Published: 12 Apr 2007
Archiving ERP tablespace data requires specialized tools and a close working relationship with the application's DBA.
Enterprise resource planning (ERP) applications are demanding, consume increasing amounts of storage and computing resources, and usually need to be running 24/7. All of that translates into a complicated backup and recovery environment. ERP applications are typically the first to be replicated for disaster recovery and, in some cases, parts of the application databases are the first to be archived.
An ERP app contains a treasure trove of data intricately tied to numerous critical processes that reflect the overall performance and health of a business. As more data is collected, the storage infrastructure can become strained, creating slower end-user response times, longer batch runs, shrinking backup windows and recovery tests that miss their recovery time objectives. To address this issue, a company will typically upgrade its ERP infrastructure, believing that more spindles, CPUs and I/O will fix the problem. Eventually, those enhancements will lose effectiveness and the company will decide to archive less-important ERP data, which leads to a whole new set of challenges.
To archive ERP data, specific data needs to be surgically extracted from various database columns, rows and tables across multiple tablespaces on multiple physical LUNs and, ultimately, from multiple disks. The extraction must be done at the ERP application level so that associated business logic can be referenced to perform the extraction. Extraction tools are typically implemented by a database administrator (DBA) with significant input from the business stakeholder. The goal is to extract older, less-critical transactions to reduce the overall size of the database. A storage administrator must understand the type of data produced by the extraction and how to effectively manage the storage that will host it.
Generally, there are two types of ERP archiving techniques: dynamic archiving and static archiving. Both pull content from a production ERP application to reduce its size, but from a storage perspective they require very different approaches.
|Tools for archiving ERP data|
This table lists some of the primary providers of enterprise resource planning (ERP) archiving software. In general, "Dynamic archive tables" are databases with lower access characteristics than their production counterparts. "Static archive files" contain static ERP content. "Document management" refers to the ability to manage and view the archive files, while "Primary" indicates the capability the application is most known for today.
Applimation Inc.'s Informia, Hewlett-Packard Co.'s StorageWorks Reference Information Manager (RIM) for Databases (formerly OuterBay's Application Data Management suite) and Solix Technologies Inc.'s Archivejinni can surgically extract data from a production Oracle database and place it in secondary archive tablespaces (see "Tools for archiving ERP data," this page). These tools understand the database schema and business relevance built into the schema, and then use this information to pull all components of the business transaction from the ERP application. Because data is stored in a structured dynamic format, the archives are sometimes referred to as "live," "active" or "dynamic."
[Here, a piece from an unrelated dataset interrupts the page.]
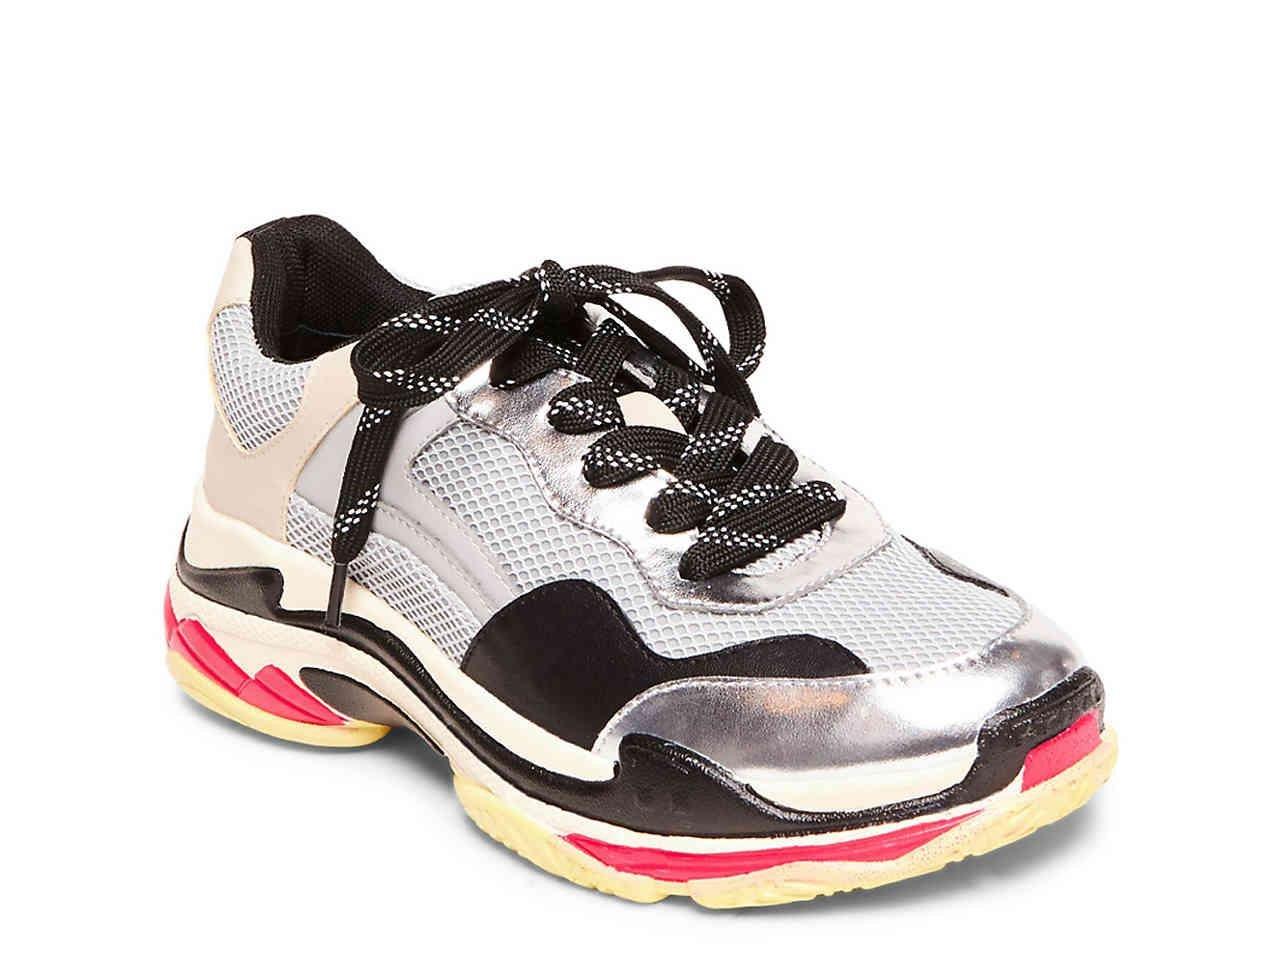 e81adfc2d1b Lyst - Steve Madden Nassau Sneaker in Metallic

Dynamic archiving can significantly shrink the size of an ERP production app and reduce the storage required for the production tablespace and all secondary copies of the tablespace: DEV, TEST, MAINT, TRAIN and QA. For example, one large manufacturing company recovered approximately 30TB of high-end storage after deploying archiving. The major advantage to archiving data within the same database instance is that the data is still available within a tablespace structure, so the archived data can be queried in the same manner as the production data. When searching the ERP application, data that's more than three years old may come from archive tables, while data that's three minutes old will come from production tables--but it's all transparent to the end user.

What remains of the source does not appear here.